Effective Growth-suppressive Activity of Maternal Embryonic Leucine-zipper Kinase (MELK) Inhibitor Against Small Cell Lung Cancer

Overview

Journal Oncotarget

Specialty Oncology

Date 2016 Feb 13

PMID 26871945

Citations 31

Authors

Hiroyuki Inoue

Taigo Kato

Sope Olugbile

Kenji Tamura

Suyoun Chung

Takashi Miyamoto

Yo Matsuo

Ravi Salgia

Yusuke Nakamura

Jae-Hyun Park

Affiliations

Soon will be listed here.

Abstract

Maternal embryonic leucine zipper kinase (MELK), that plays a critical role in maintenance of cancer stem cells (CSCs), is predominantly expressed in various types of human cancer including small cell lung cancer (SCLC). SCLC usually acquires resistance to anti-cancer drugs and portends dismal prognosis.
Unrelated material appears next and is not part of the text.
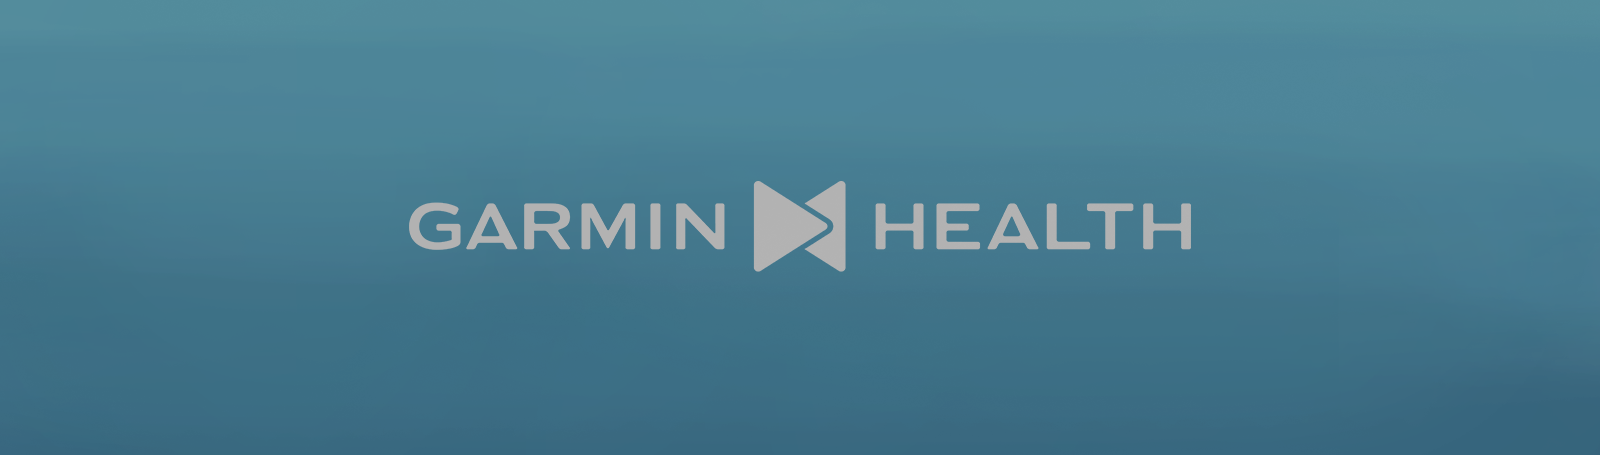 About Garmin Health

We have delineated roles of MELK in development/progression of SCLC and examined anti-tumor efficacy of OTS167, a highly potent MELK inhibitor, against SCLC. MELK expression was highly upregulated in both SCLC cell lines and primary tumors. siRNA-mediated MELK knockdown induced significant growth inhibition in SCLC cell lines. Concordantly, treatment with OTS167 exhibited strong cytotoxicity against eleven SCLC cell lines with IC50 of < 10 nM. As similar to siRNA knockdown, OTS167 treatment induced cytokinetic defects with intercellular bridges, and in some cell lines we observed formation of neuronal protrusions accompanied with increase of a neuronal differentiation marker (CD56), indicating that the compound induced differentiation of cancer cells to neuron-like cells. Furthermore, the MELK inhibition decreased its downstream FOXM1 activity and Akt expression in SCLC cells, and led to apoptotic cell death. OTS167 appeared to be more effective to CSCs as measured by the sphere formation assay, thus MELK inhibition might become a promising treatment modality for SCLC.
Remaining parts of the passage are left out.